Output range, inclusive: from the line containing "Image détaillée d'une" to the line containing "фотография продукта Мойва". Restate those lines from the data below word for word and only those.

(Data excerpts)
*** Begin section ***

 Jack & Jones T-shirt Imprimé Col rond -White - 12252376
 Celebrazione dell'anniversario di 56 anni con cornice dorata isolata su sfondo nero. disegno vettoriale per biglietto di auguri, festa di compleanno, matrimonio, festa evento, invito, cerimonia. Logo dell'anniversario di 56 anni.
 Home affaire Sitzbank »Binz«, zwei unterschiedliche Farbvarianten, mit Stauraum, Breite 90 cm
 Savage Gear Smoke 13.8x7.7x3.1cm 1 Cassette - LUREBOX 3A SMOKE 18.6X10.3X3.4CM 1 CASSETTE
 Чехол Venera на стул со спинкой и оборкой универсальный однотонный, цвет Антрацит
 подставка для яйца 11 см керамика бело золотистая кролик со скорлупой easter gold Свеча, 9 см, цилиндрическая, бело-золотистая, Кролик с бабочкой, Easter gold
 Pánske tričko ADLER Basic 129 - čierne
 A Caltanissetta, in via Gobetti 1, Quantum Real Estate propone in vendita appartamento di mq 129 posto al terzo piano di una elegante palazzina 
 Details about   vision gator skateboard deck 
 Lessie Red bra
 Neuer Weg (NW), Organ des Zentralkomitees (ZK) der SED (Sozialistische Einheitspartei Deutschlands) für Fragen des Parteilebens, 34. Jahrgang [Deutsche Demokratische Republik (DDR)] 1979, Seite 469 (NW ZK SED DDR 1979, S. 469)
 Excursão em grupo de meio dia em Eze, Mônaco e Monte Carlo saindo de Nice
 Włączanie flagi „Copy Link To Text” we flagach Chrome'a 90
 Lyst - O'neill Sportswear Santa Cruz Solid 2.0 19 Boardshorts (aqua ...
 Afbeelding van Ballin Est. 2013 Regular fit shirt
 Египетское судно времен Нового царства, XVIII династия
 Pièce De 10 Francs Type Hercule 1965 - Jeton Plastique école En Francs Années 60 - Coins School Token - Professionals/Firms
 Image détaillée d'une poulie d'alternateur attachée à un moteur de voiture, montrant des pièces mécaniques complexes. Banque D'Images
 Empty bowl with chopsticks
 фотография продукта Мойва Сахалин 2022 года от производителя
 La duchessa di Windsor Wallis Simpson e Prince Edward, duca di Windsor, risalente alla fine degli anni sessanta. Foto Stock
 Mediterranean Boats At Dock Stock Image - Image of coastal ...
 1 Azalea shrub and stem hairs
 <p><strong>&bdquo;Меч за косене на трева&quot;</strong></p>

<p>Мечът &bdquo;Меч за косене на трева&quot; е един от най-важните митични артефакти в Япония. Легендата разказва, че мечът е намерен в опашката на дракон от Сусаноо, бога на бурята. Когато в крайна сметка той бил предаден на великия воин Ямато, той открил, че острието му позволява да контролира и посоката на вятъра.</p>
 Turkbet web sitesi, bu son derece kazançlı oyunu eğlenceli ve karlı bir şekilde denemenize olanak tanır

*** End section ***

RESPONSE TO THIS EXERCISE.
 Image détaillée d'une poulie d'alternateur attachée à un moteur de voiture, montrant des pièces mécaniques complexes. Banque D'Images
 Empty bowl with chopsticks
 фотография продукта Мойва Сахалин 2022 года от производителя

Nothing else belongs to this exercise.